The sales manager in charge of a salesforce would not have a longer time horizon than the people in his salesforce. So when a salesman wanted a decision on something affecting his ability to deliver to his clients, he would go over the head of the sales manager for that decision. Jaques called this “level skipping”, and identified it as a dangerous pathology in any hierarchy.
He then looked at the time horizons of people, their bosses and their real bosses, and he found that people with a time horizon of less than three months treated those with a horizon of 3–12 months as their real bosses, and so on up the scale. He identified seven different time horizons, from three months to 20 years, and argued that organisations, no matter how complex, should have seven levels of hierarchy, each corresponding to a different managerial time horizon. Jaques’s theory has come to be known as RO (requisite organisation).
This reminds me of the Tolstoy quotation from C.S. Lewis’s “The Inner Ring”:
“When Boris entered the room, Prince Andrey was listening to an old general, wearing his decorations, who was reporting something to Prince Andrey, with an expression of soldierly servility on his purple face. “Alright. Please wait!” he said to the general, speaking in Russian with the French accent, which he used when he spoke with contempt. The moment he noticed Boris he stopped listening to the general who trotted imploringly after him and begged to be heard, while Prince Andrey turned to Boris with a cheerful smile and a nod of the head.
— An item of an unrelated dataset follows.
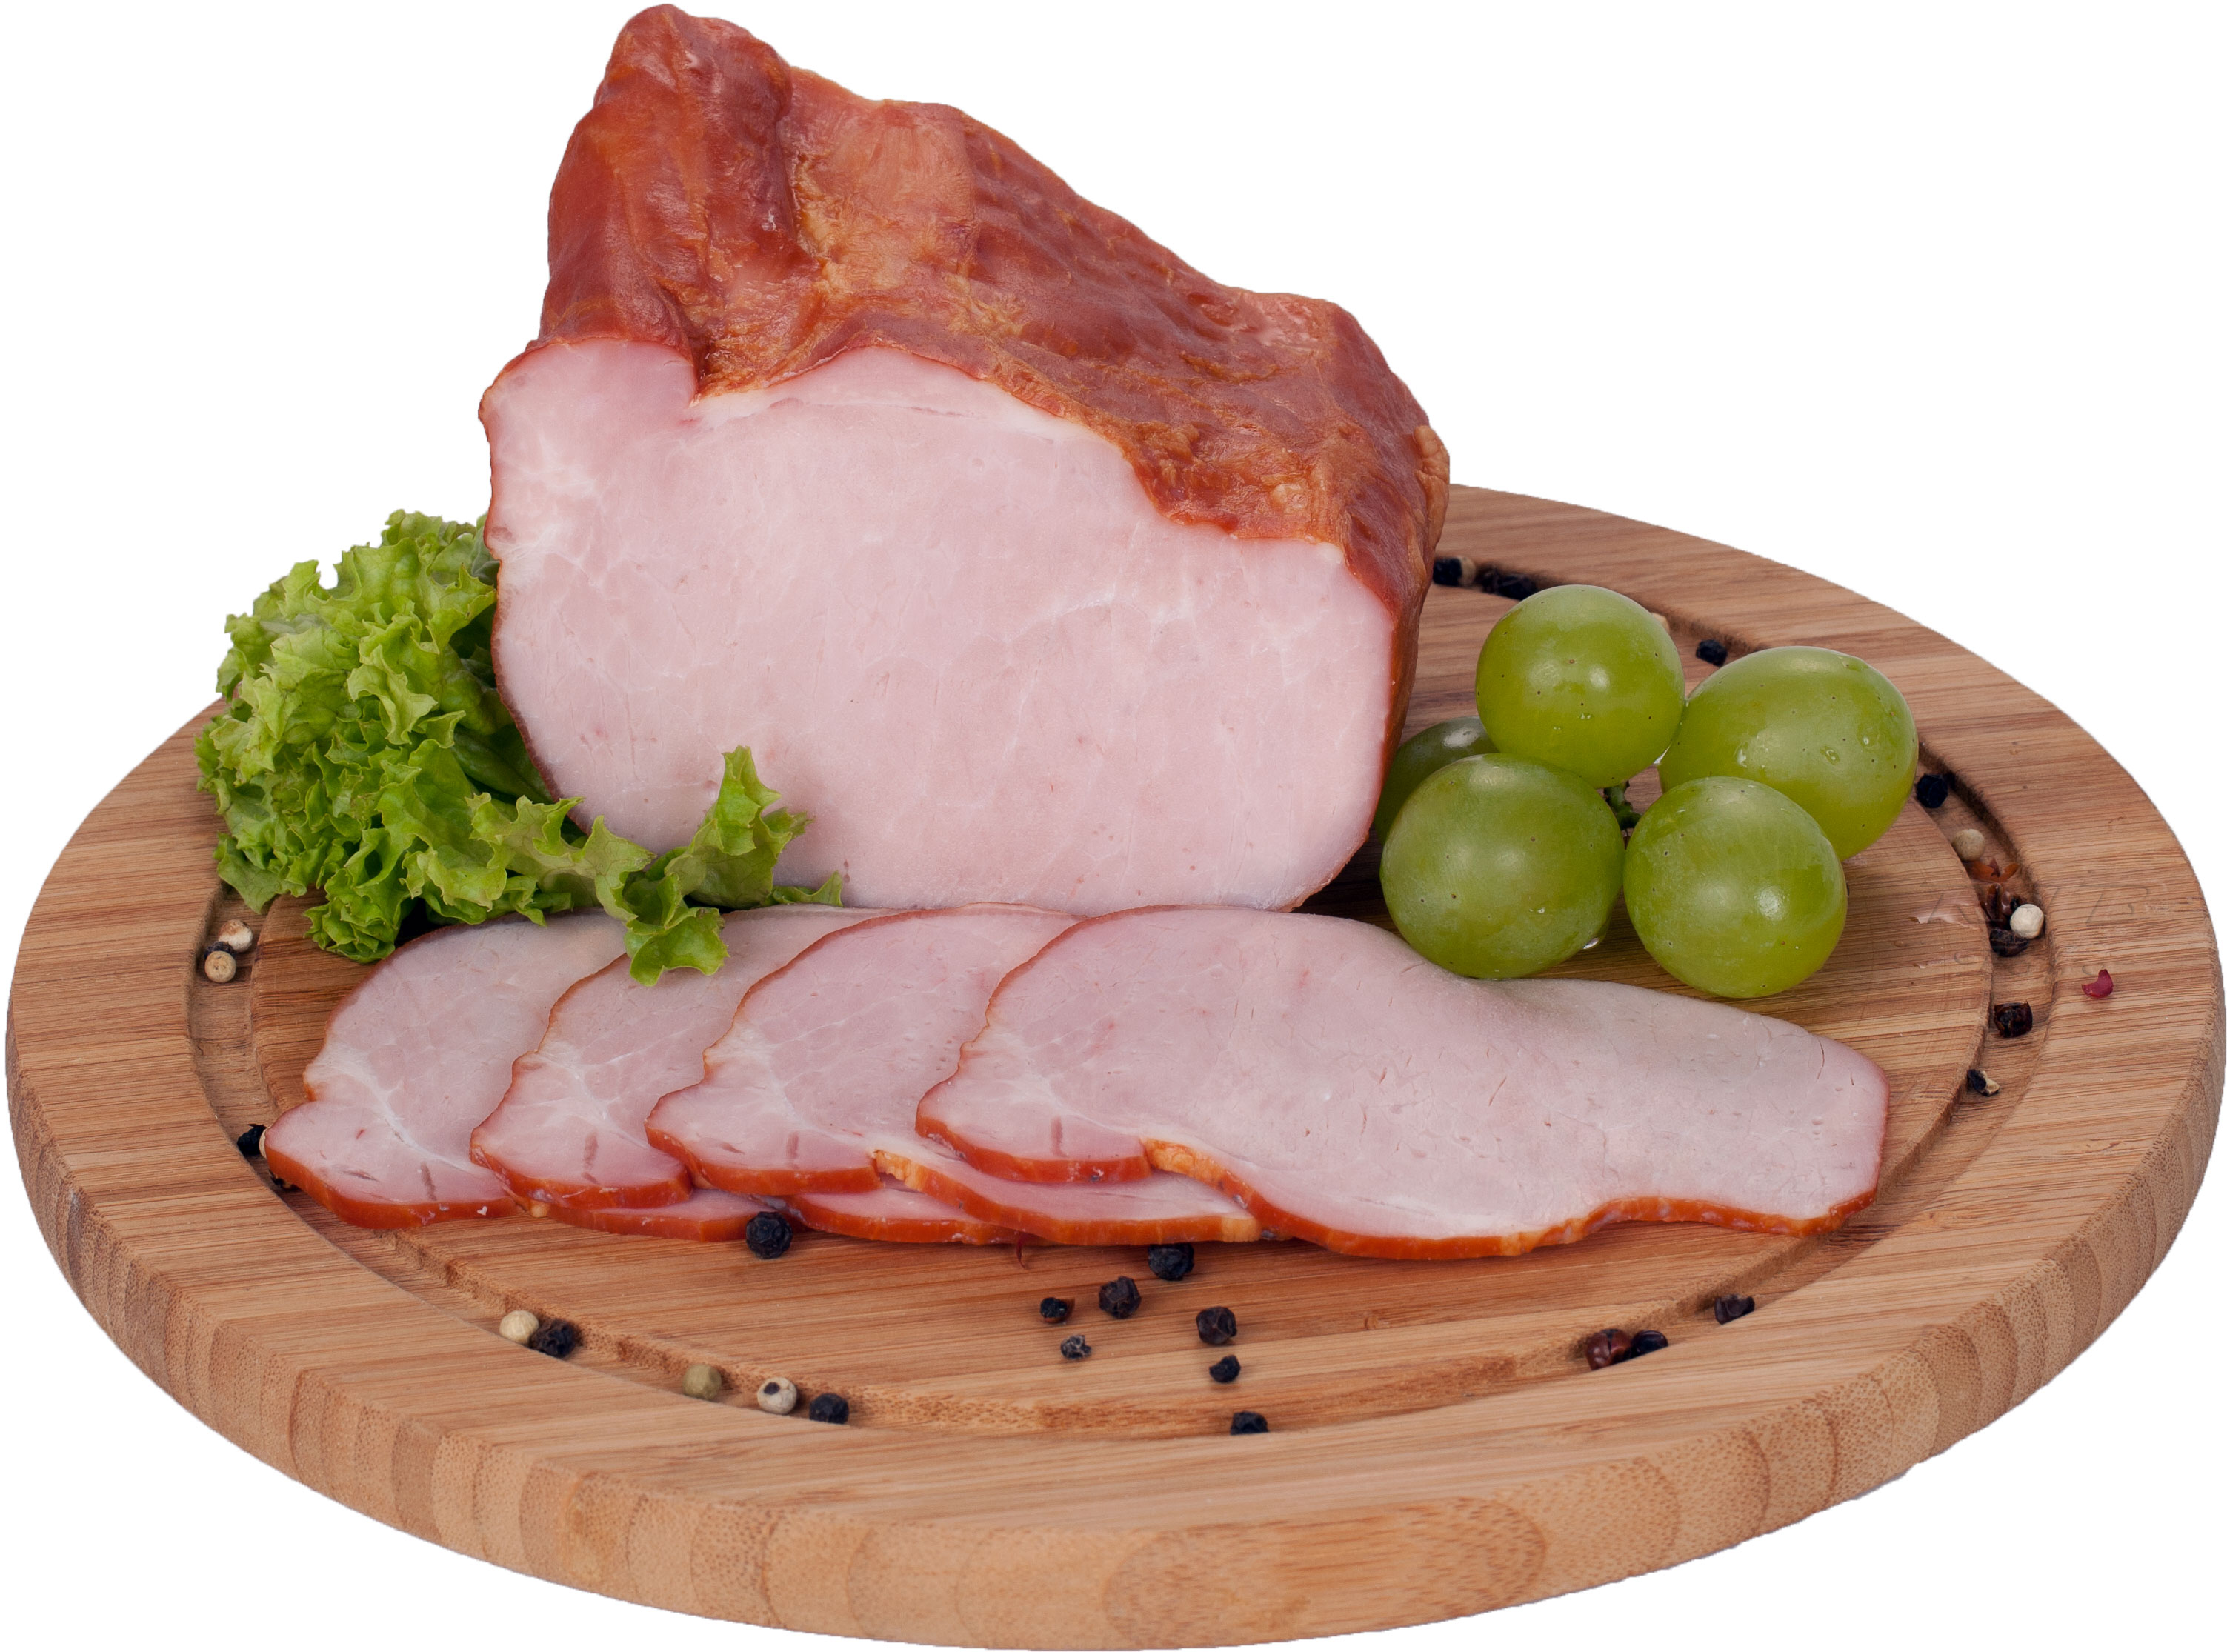 Waldfurter Schweinsrücken Sopoter Art 0,6 Kg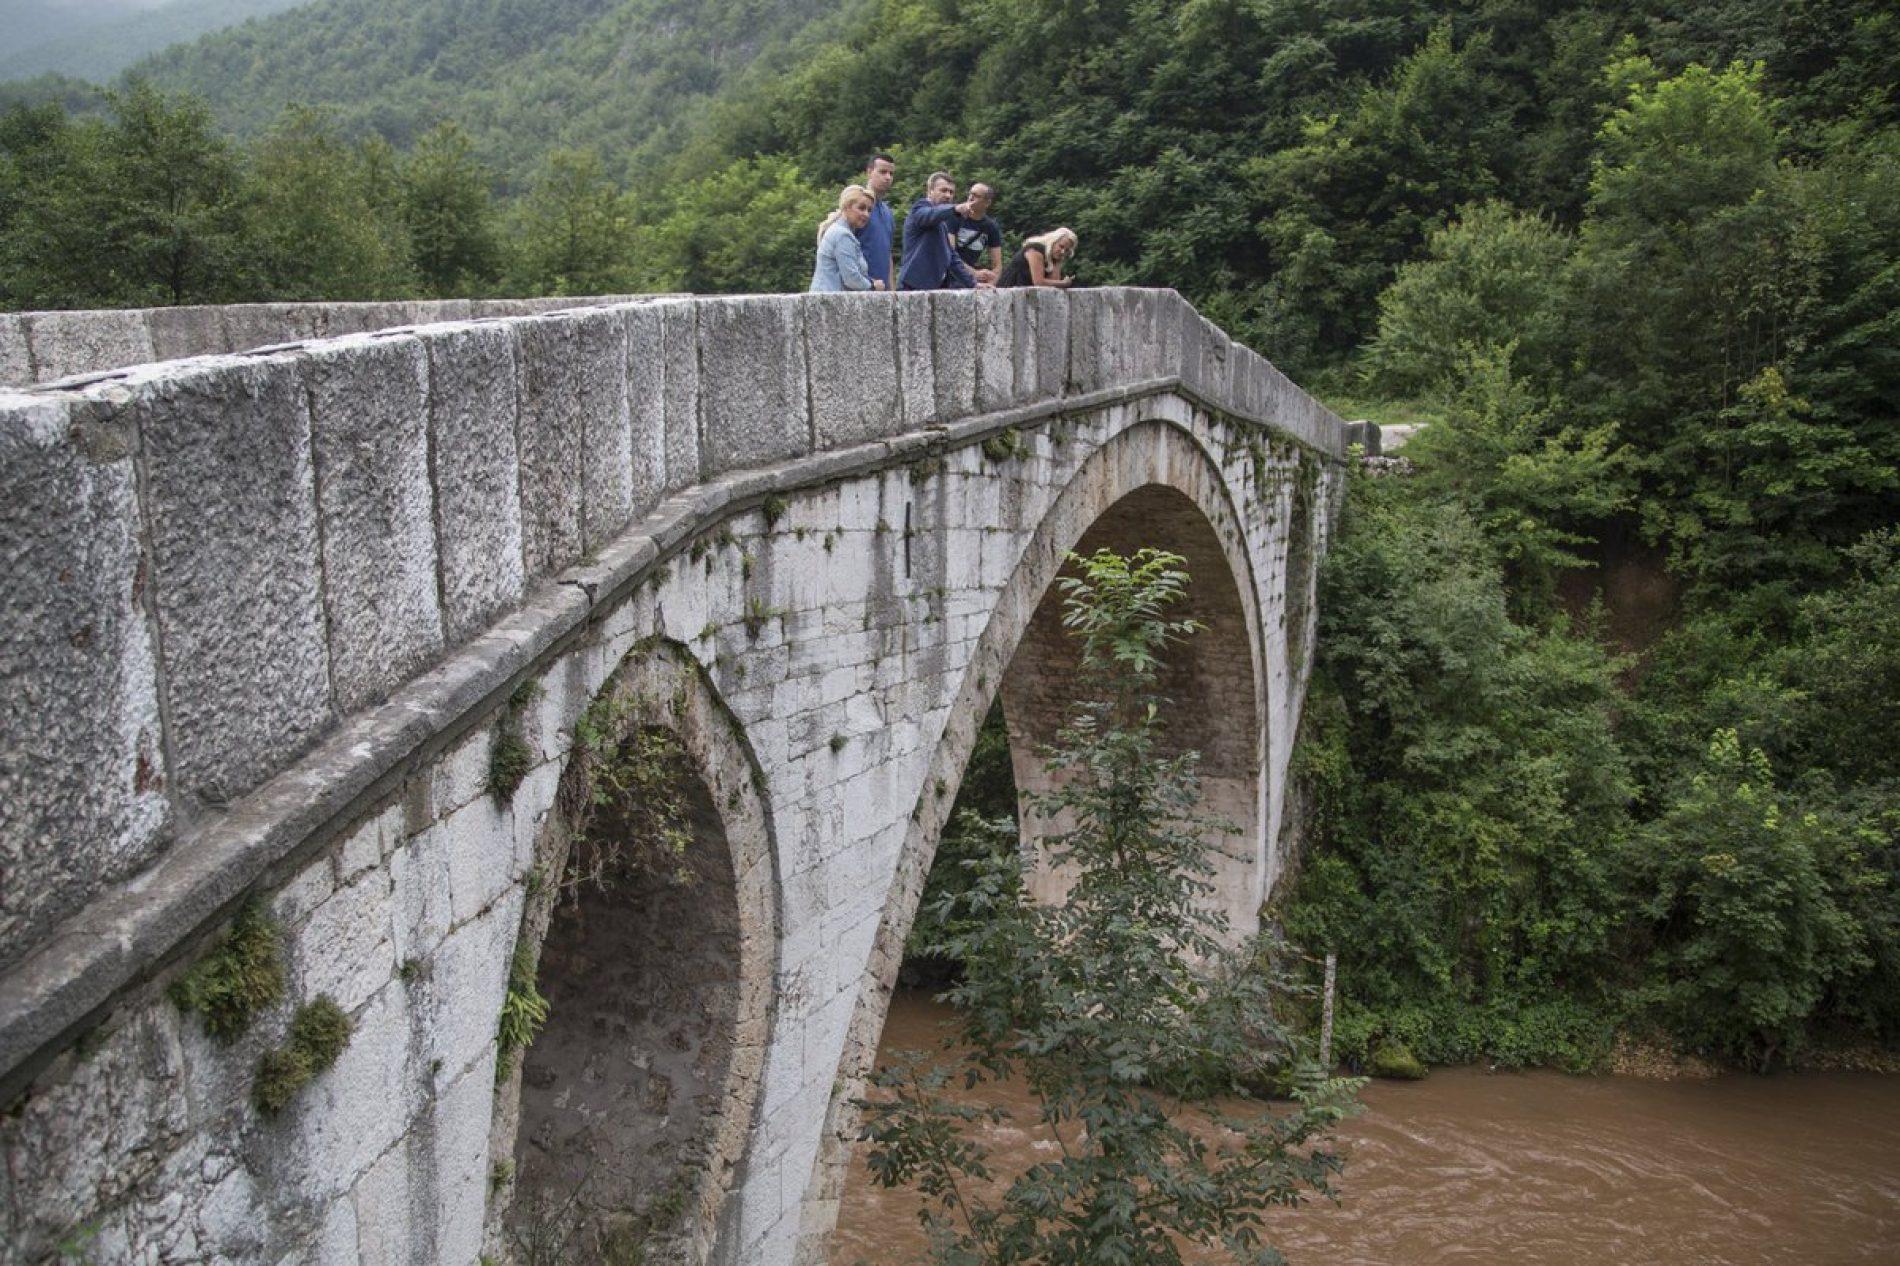 Uređenje historijskog puta Bentbaša-Kozija ćuprija: Vraćanje iz zaborava i obogaćivanje turističke ponude Sarajeva

Boris now clearly understood-what he had already guessed-that side by side with the system of discipline and subordination which were laid down in the Army Regulations, there existed a different and a more real system-the system which compelled a tightly laced general with a purple face to wait respectfully for his turn while a mere captain like Prince Andrey chatted with a mere second lieutenant like Boris, Boris decided at once that he would be guided not by the official system but by this other unwritten system.”